Dataset content —
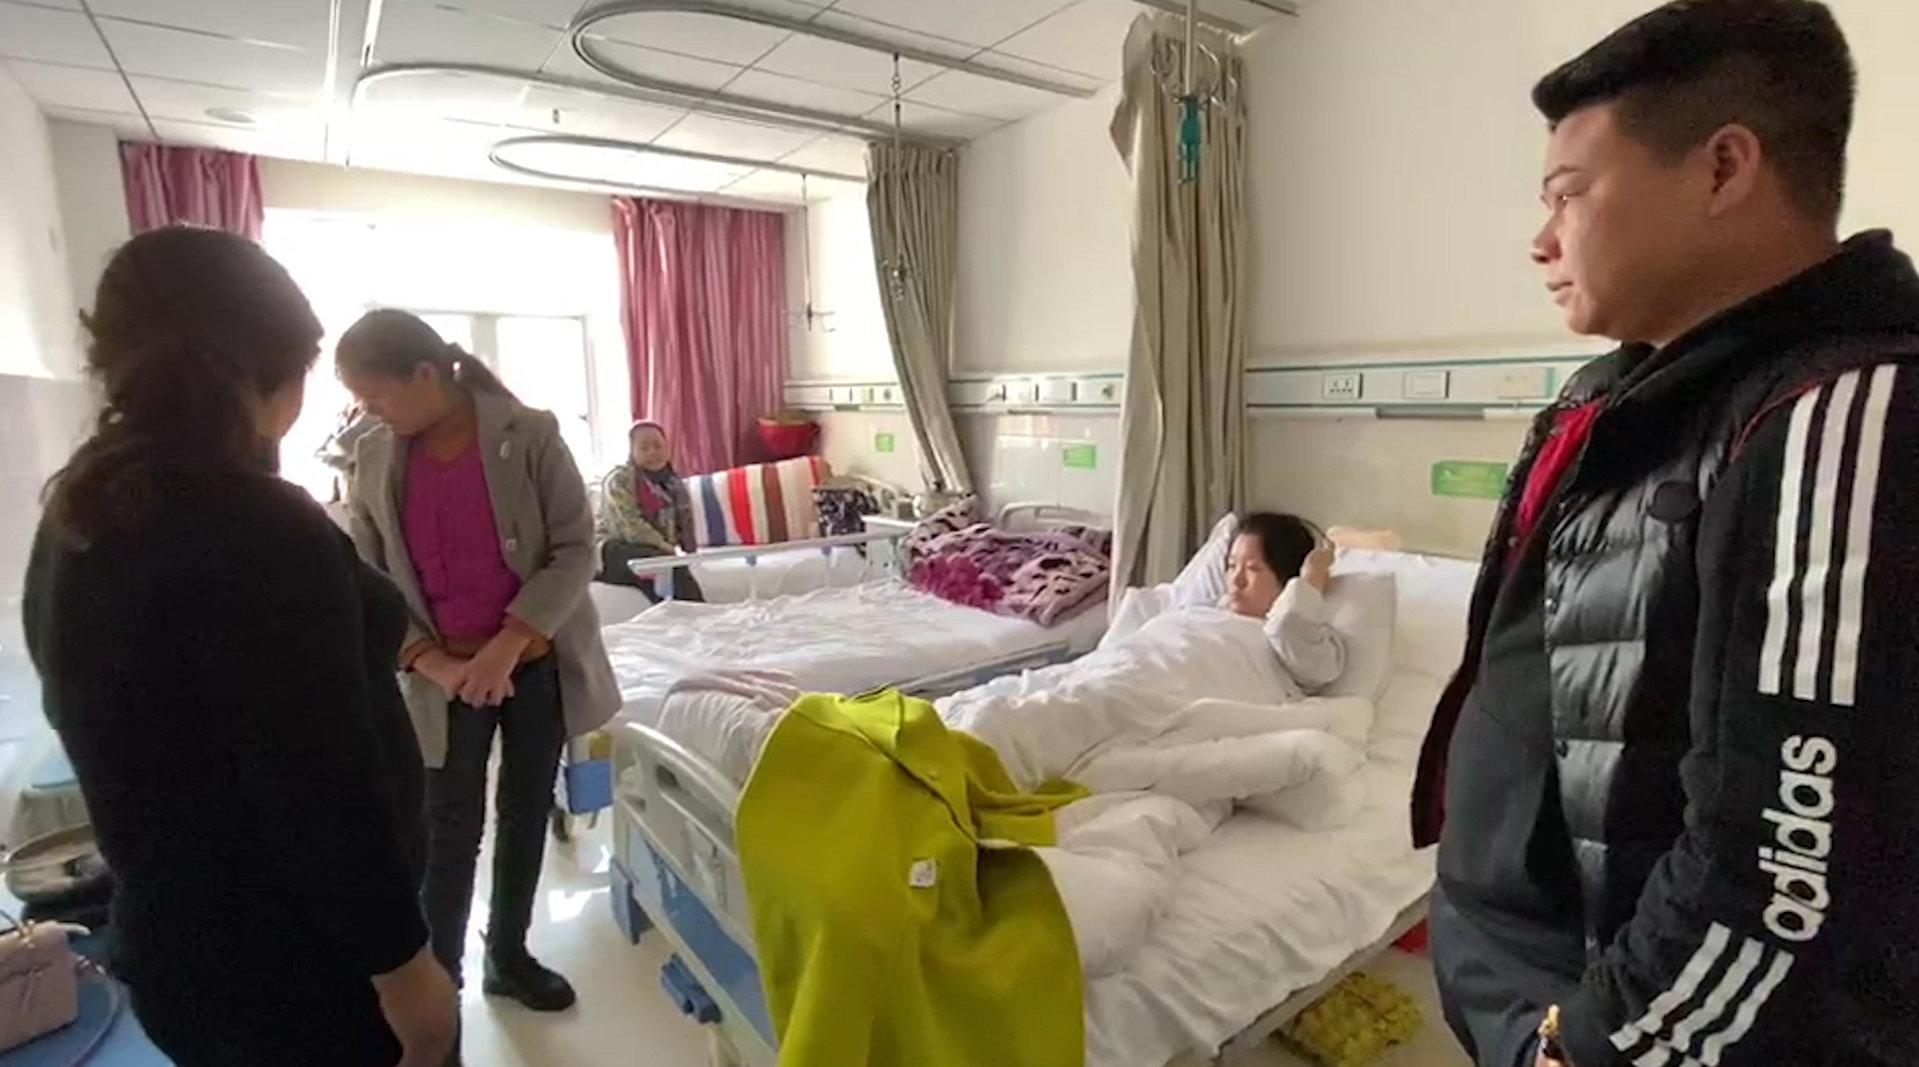 橙视频独家探访贵州女婴被盗医院 孩子母亲称:假护士原想偷邻床男婴
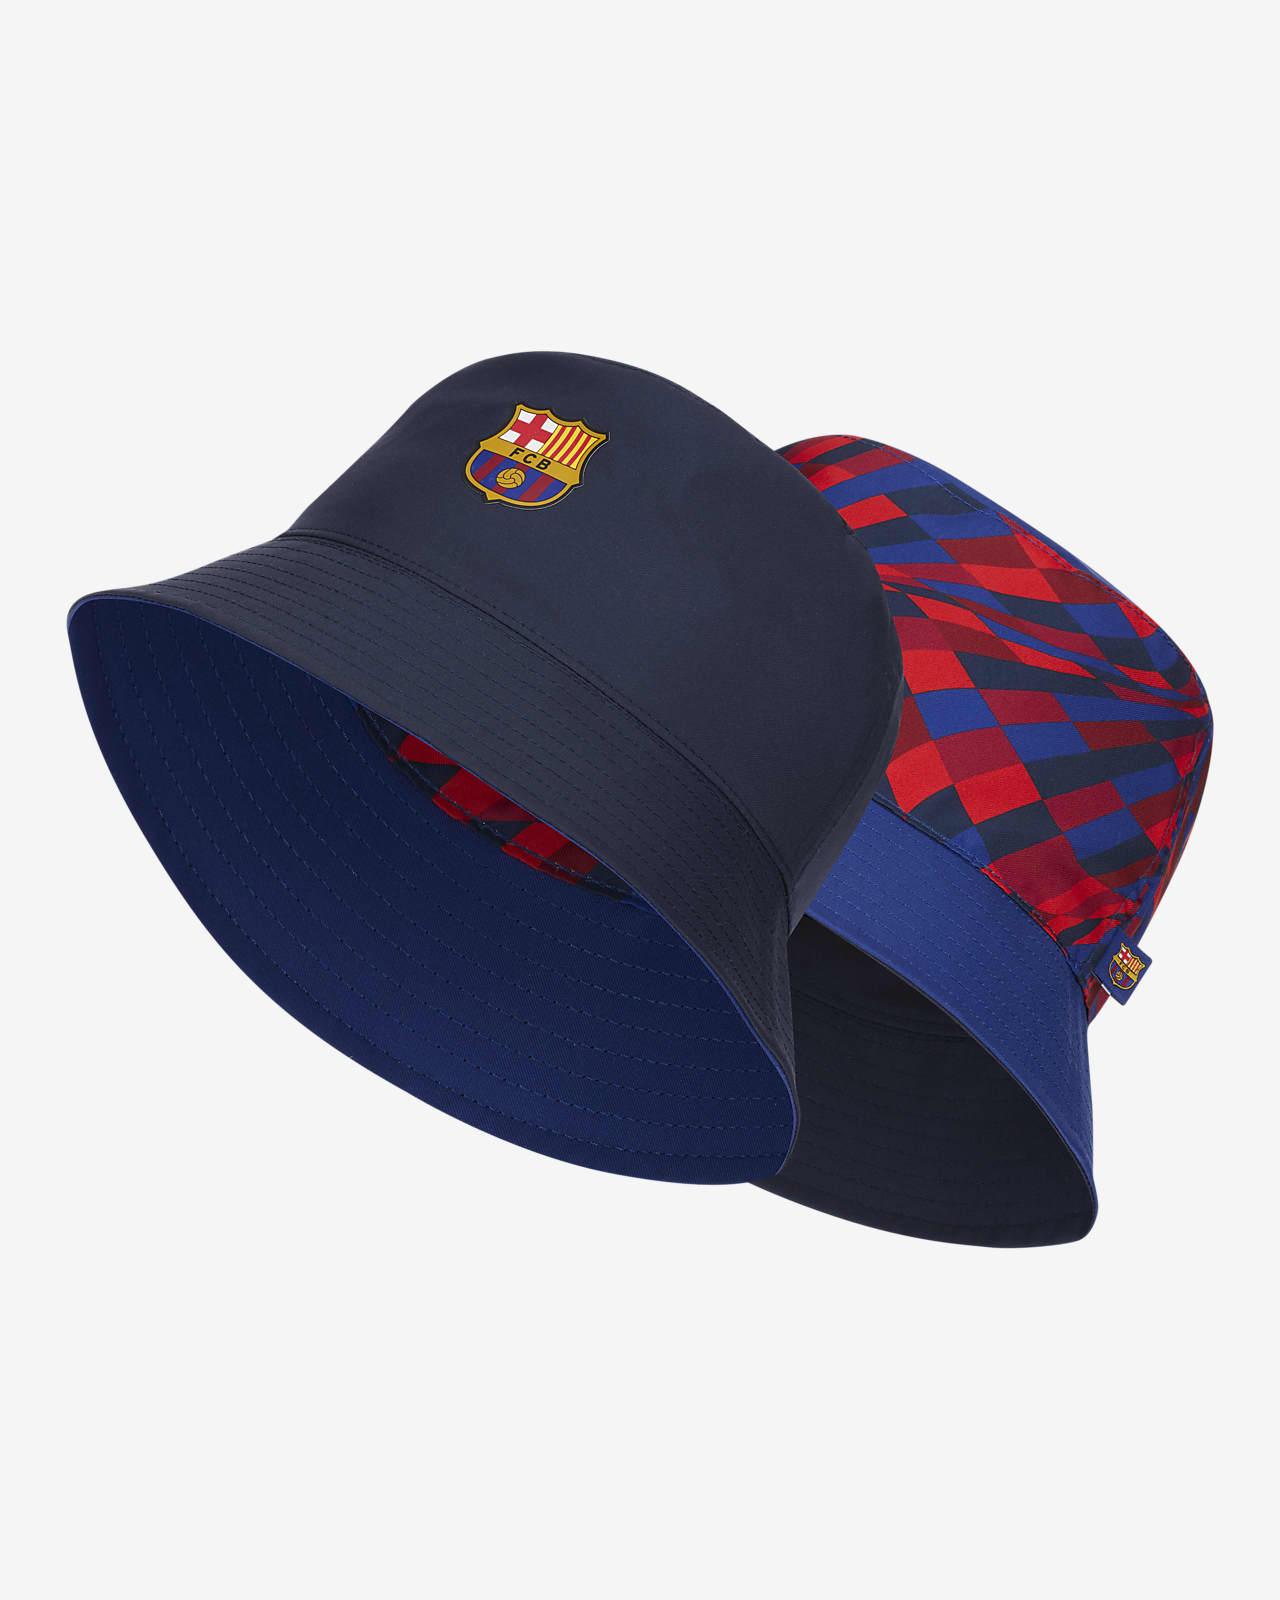 F.C. Barcelona Reversible Bucket Hat
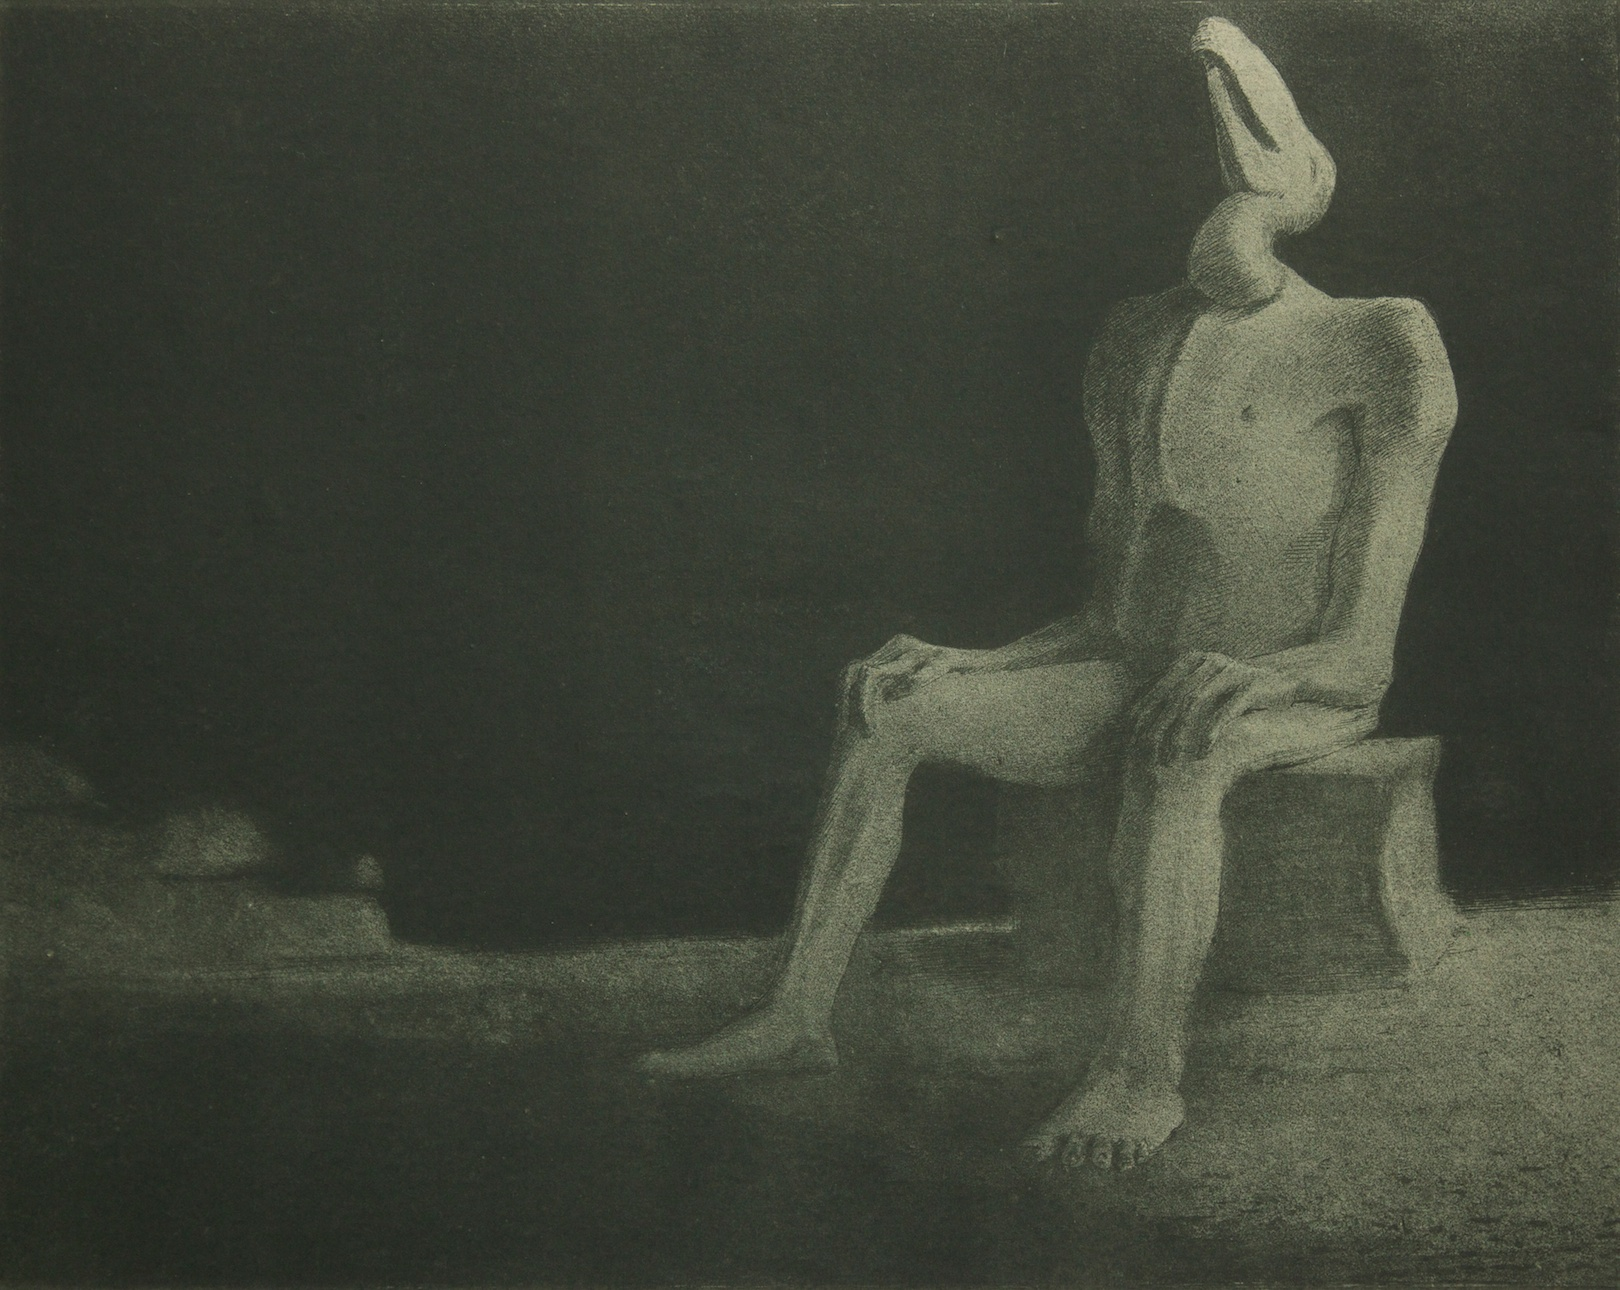 Vergessen-Versunken - collagraphy (collografia) - 1903

Brief —
Only the lines from the one with "F.C. Barcelona Reversible Bucket Hat" to the last line of the listing, inclusive, are to be set down, exactly as they stand and without pictures.

Answer to this exercise —
 F.C. Barcelona Reversible Bucket Hat
 Vergessen-Versunken - collagraphy (collografia) - 1903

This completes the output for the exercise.